被我老公知道你就完了(2 / 2)

她抬起腿,变本加厉地缠绕住他的腰,眼神里满是恶意与挑逗:

“那你是谁?你为什么压在我身上,为什么在操我?……我告诉你,我有男人的。要是被我老公知道了,你可就全完了。”

她一边感受着体内那根因极度紧绷而再次跳动的粗硬,一边用最残忍的语气吐出最伤人的谎言:“他可比你强多了……他比你帅,比你活好。他比你……更懂得怎么疼我。”

她太了解他了,她知道他无法反驳,知道他只能眼睁睁地看着自己在他编织的幻象里,将他活生生凌迟成一个“奸夫”。
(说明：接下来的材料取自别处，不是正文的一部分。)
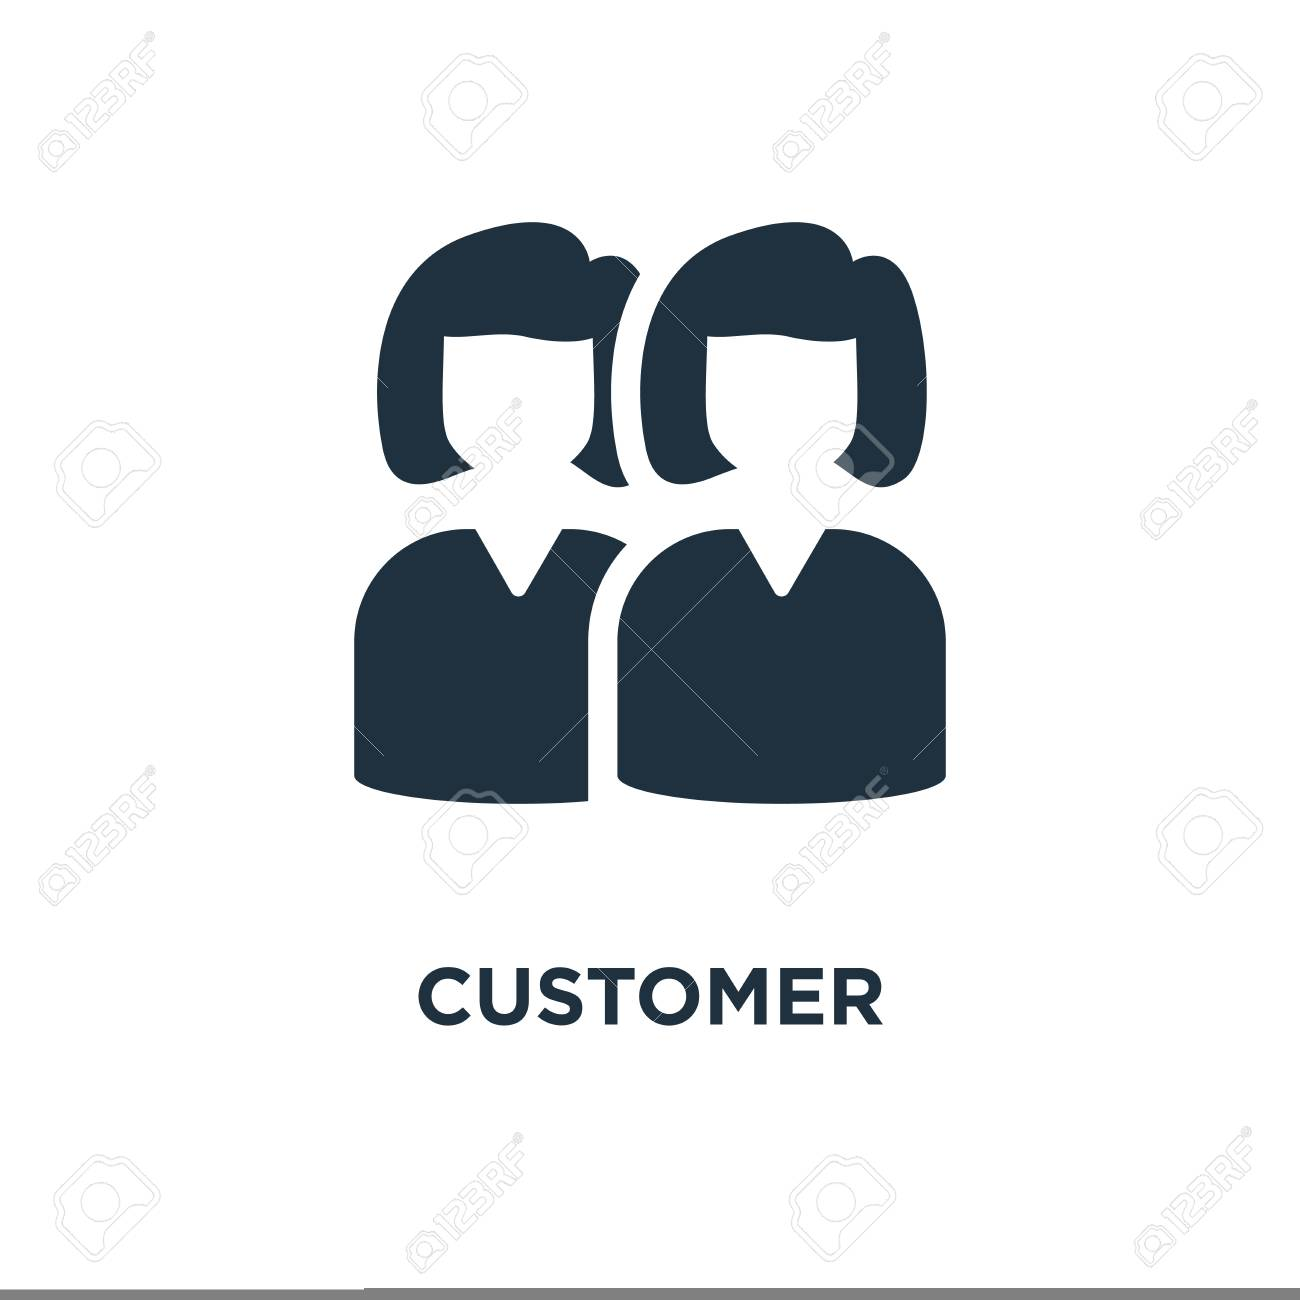 Customer Icon Black Filled Vector Illustration Customer Symbol Royalty Free Cliparts Vectors And Stock Illustration Image 112693095 Customer free icons and premium icon packs. customer icon black filled vector illustration customer symbol
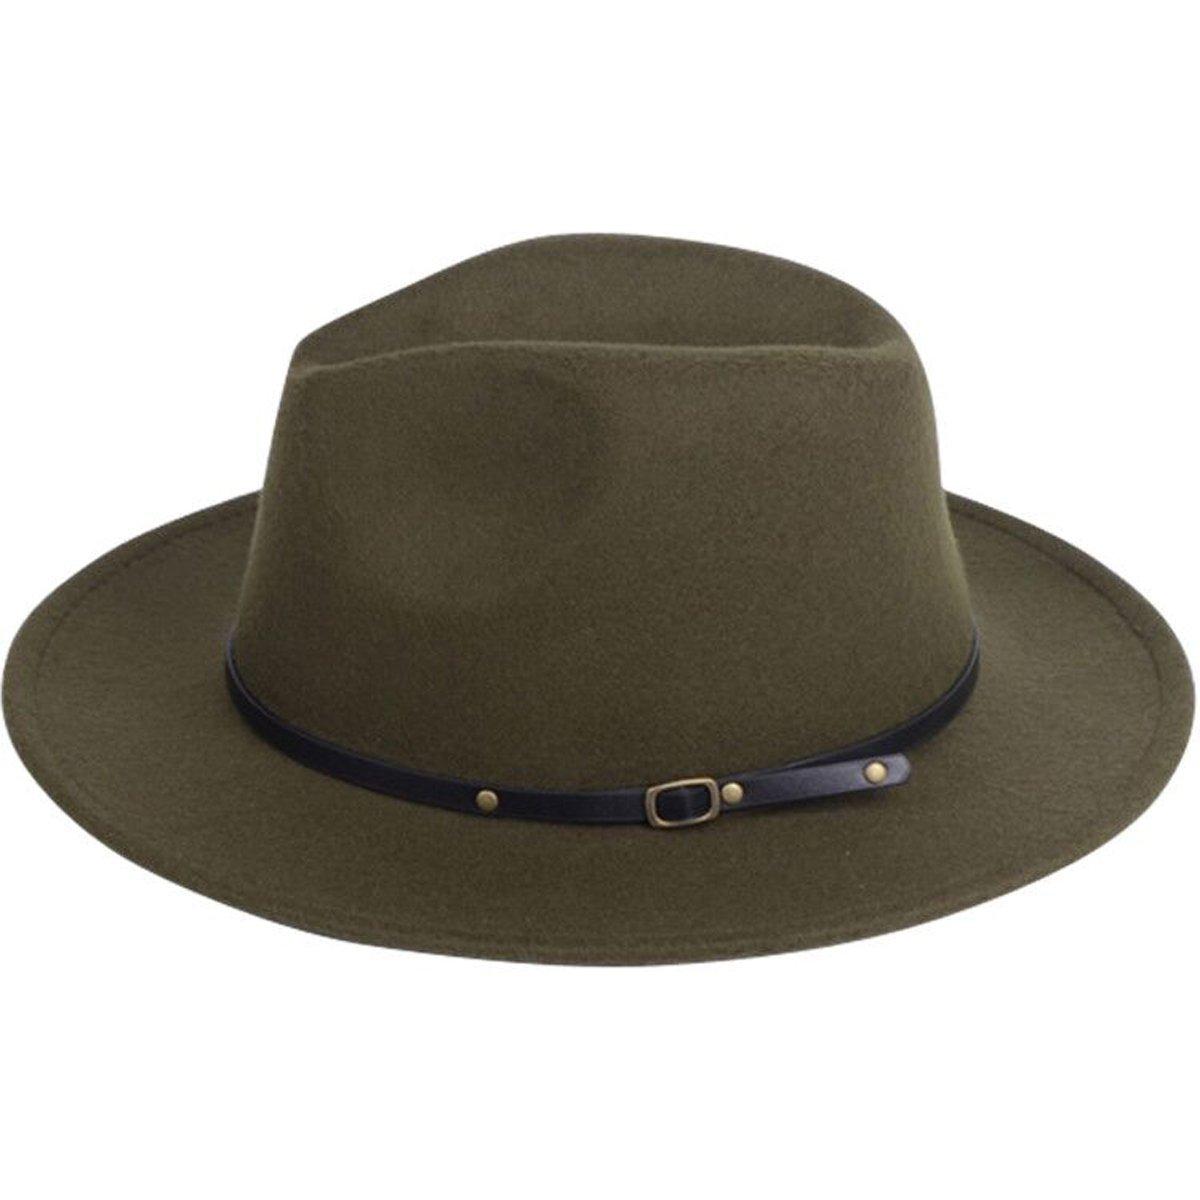 7748d34a72c Lanzom Womens Classic Wide Brim Floppy Panama Hat Belt Buckle Wool Fedora  Hat Black ) woolhat91

她凑到他已经红透的耳边,湿润的嘴唇轻咬着他的耳垂,发出一声声黏腻而凄婉的低哼:“老公……老公……救我……”

那是撒娇,是挑衅。带着一点点作恶的快乐。

她知道这个词是扎在他心口的一根刺,她就是要在这一刻狠狠地拨动它。

她要让他知道,她到底在渴望什么,又到底在失去什么。既然“名分”她注定得不到,那她就要拉着他一起,在那份求而不得的焦灼里反复煎熬。

杨晋言的反应比任何言语都要诚实。

他像是一头被激怒的困兽,动作变得愈发蛮横无理,每一次挺身撞击都像是要彻底堵住那张吐露禁忌的嘴。他俯下身死死吻住她,试图将那些荒诞的称呼全部吞入腹中。

“你不是我老公……我不让你射在里面。”芸芸在纠缠的间隙里佯装挣扎,破碎的嗓音里带着一丝病态的顽劣,“我不要做你的小孕妇……你走开。”

她的拳头一下又一下,毫无章法地捶打着他那汗湿且坚实的后背。杨晋言一言不发,回应她的是更深、更沉的禁锢。他宽大的手掌扣住她的后脑勺,将她的脸牢牢按在自己疯狂起伏的胸膛上。

在那方窒息的空间里,芸芸听见他的心脏在隆隆作响,像是密集的战鼓。他强有力的大腿前侧肌肉,随着每一次决绝的挺进,一下又一下重重地撞击着她已经酸软的臀肉。

就在那股汹涌的洪流即将决堤的一瞬间,杨晋言竟凭着最后一点近乎残忍的自制力,猛地拔了出来。

芸芸瞳孔微缩,眼睁睁地看着那股浓稠、滚烫的精液,顺着阴茎由于极度充血而翘起的狰狞弧度,在狭窄的半空中飞溅而出。它们毫无章法地打在两人凌乱堆迭的衣物上,在大衣的呢料和衬衫的丝绸间晕开一片斑驳。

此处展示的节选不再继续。